Just as Balconville offered a close look at the way the language question was lived out in Quebec, Condoville presents a detailed picture of the contradictions of life in Montreal today, told in the language (or languages) of the people who live here. One criticism I heard was that when the dialogue became too peppered with political jargon, this was evidence of the playwright speaking through the characters. But perhaps this is more symptomatic of how rare it is to hear working class voices expressing political opinions in today’s theatre. The characters do not step out of their roles when they debate political points; they are simply responding to events around them. In this sense, Condoville can be said to have been written dialectically: what we see is a clash of opinions that have risen organically out of the conflicts the characters find themselves in. This is why their stories are so relevant to those of us who are living through the same struggles.
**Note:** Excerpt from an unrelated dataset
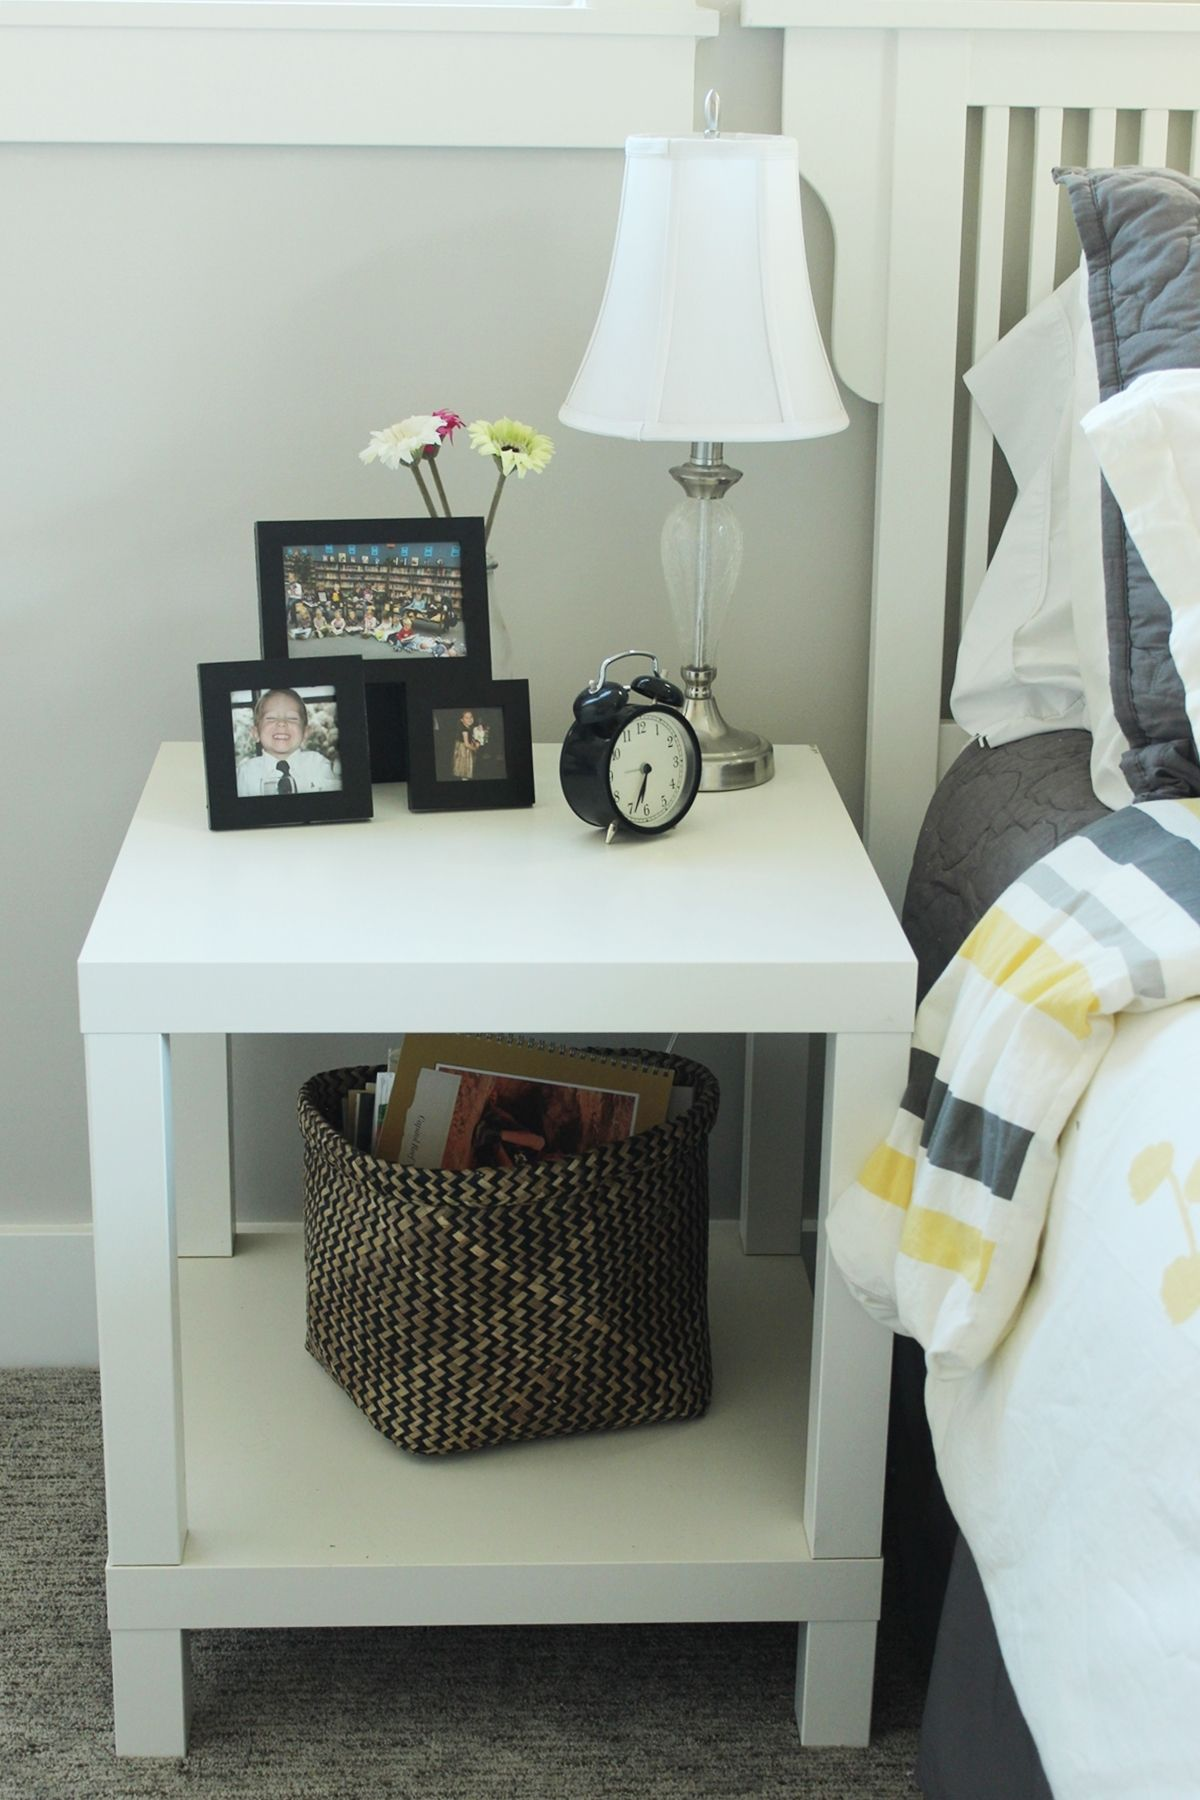 Guest Bedroom Nighstand Decor
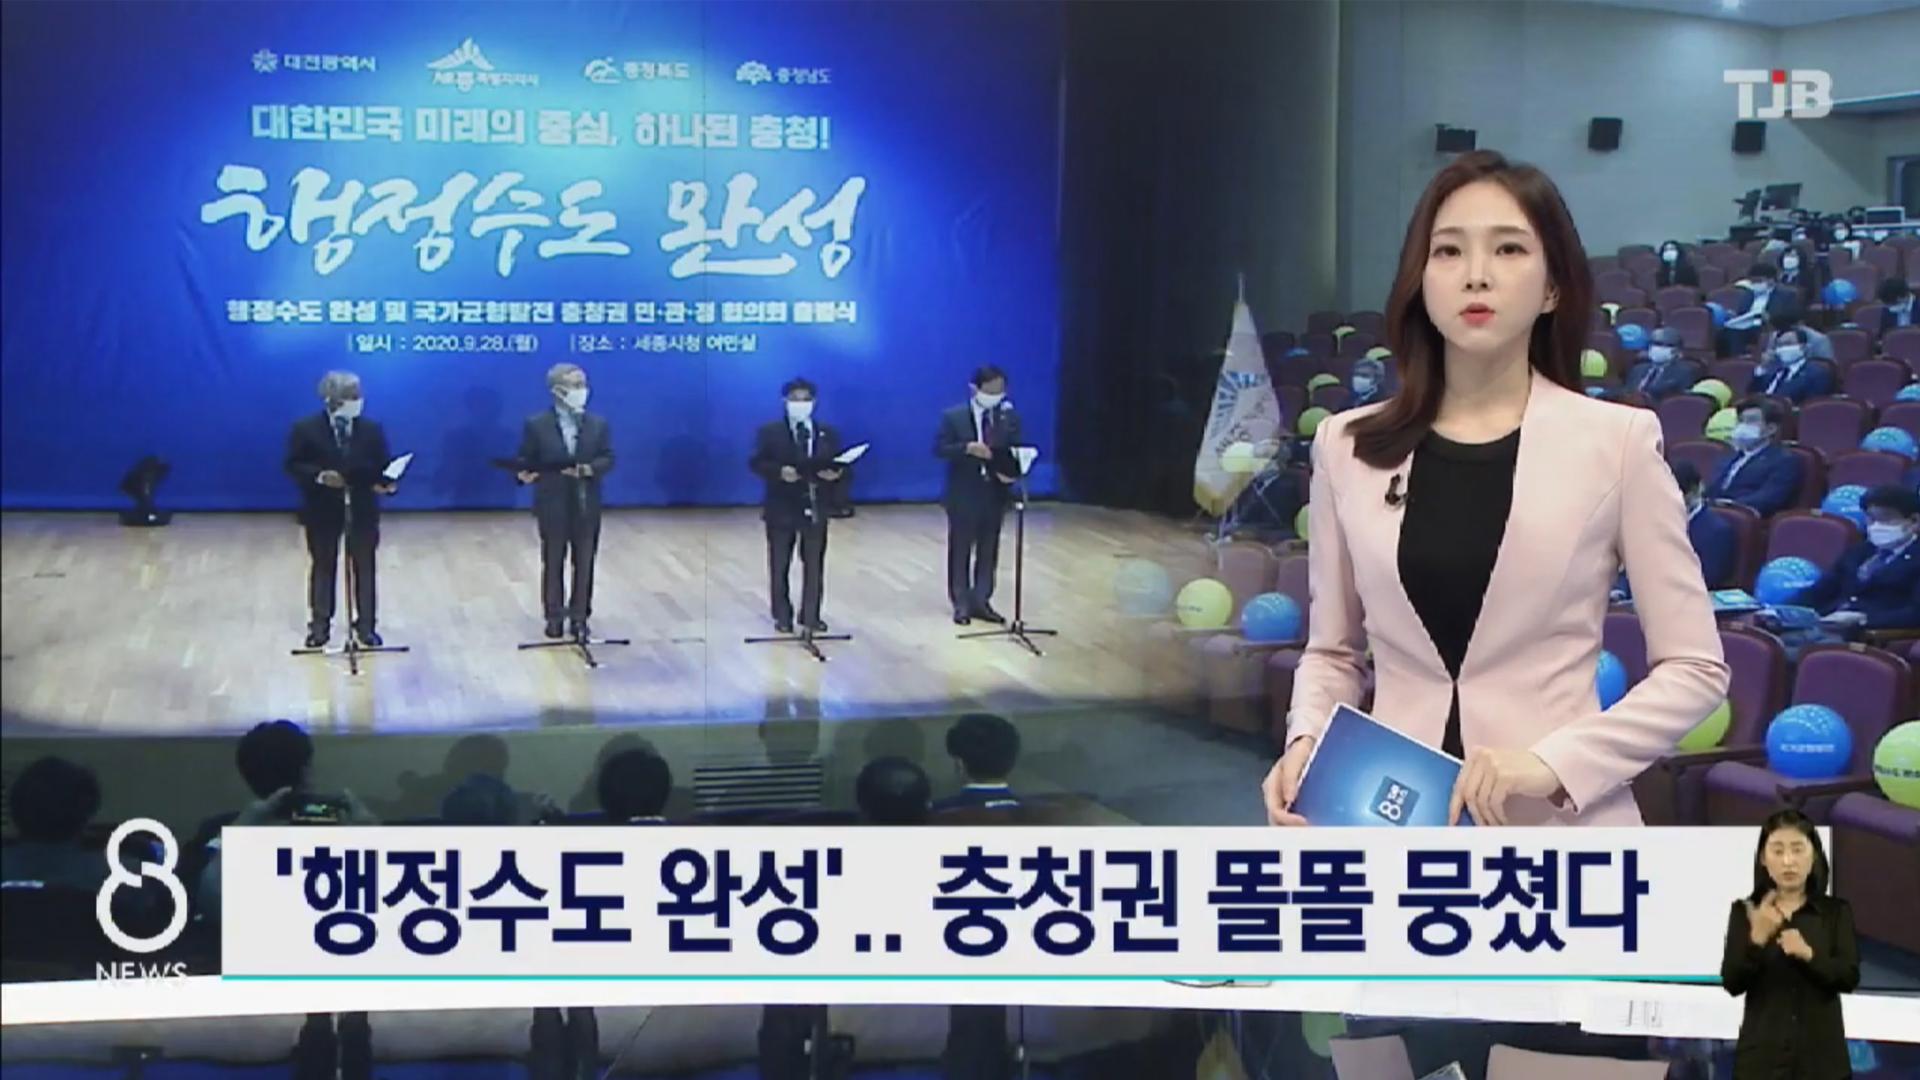 [TJB 대전·충남·세종뉴스] 행정수도 완성.. 충청권 똘똘 뭉쳤다

That Fennario is able to take such a radical method into the hallowed halls of the bourgeois entertainment industry is testament to his skill as a writer, as someone who tells the truth in a way so familiar that it is impossible to ignore. The evidence so far is that Condoville has hit a little too close to home for the ruling class. Following its opening, the Montreal Gazette saw fit to devote an editorial to dismissing the play’s criticism of gentrification, saying that condo development in Montreal only happened on vacant lots. But this kind of apologism is unlikely to sway either playwright or audience. As Fennario said to Peggy Hopkins, “If a hurricane hit the Pointe, the condo owners would get out and we’d all be stuck here.”

Comments

  1. Matt,

    Why are there no comments on a page like this? Your writing is as lucid and challenging as it was in that Drama class a few years ago.

    Myself? Still ditherig politically... have had to accept a conservative streak that sits comfortably alongside a socialist one.

    Do I contradict myself?

    I remember, after watching Blue/Orange and you and I went for a drink at a club next to the theatre, you had said that you wouldn't want to write for a Centaur audience. I replied that it would depend on the subject...

    Fennario does it... and entertains.

    I quite like your car stories, by the way. Though I have only read them, not seen them live.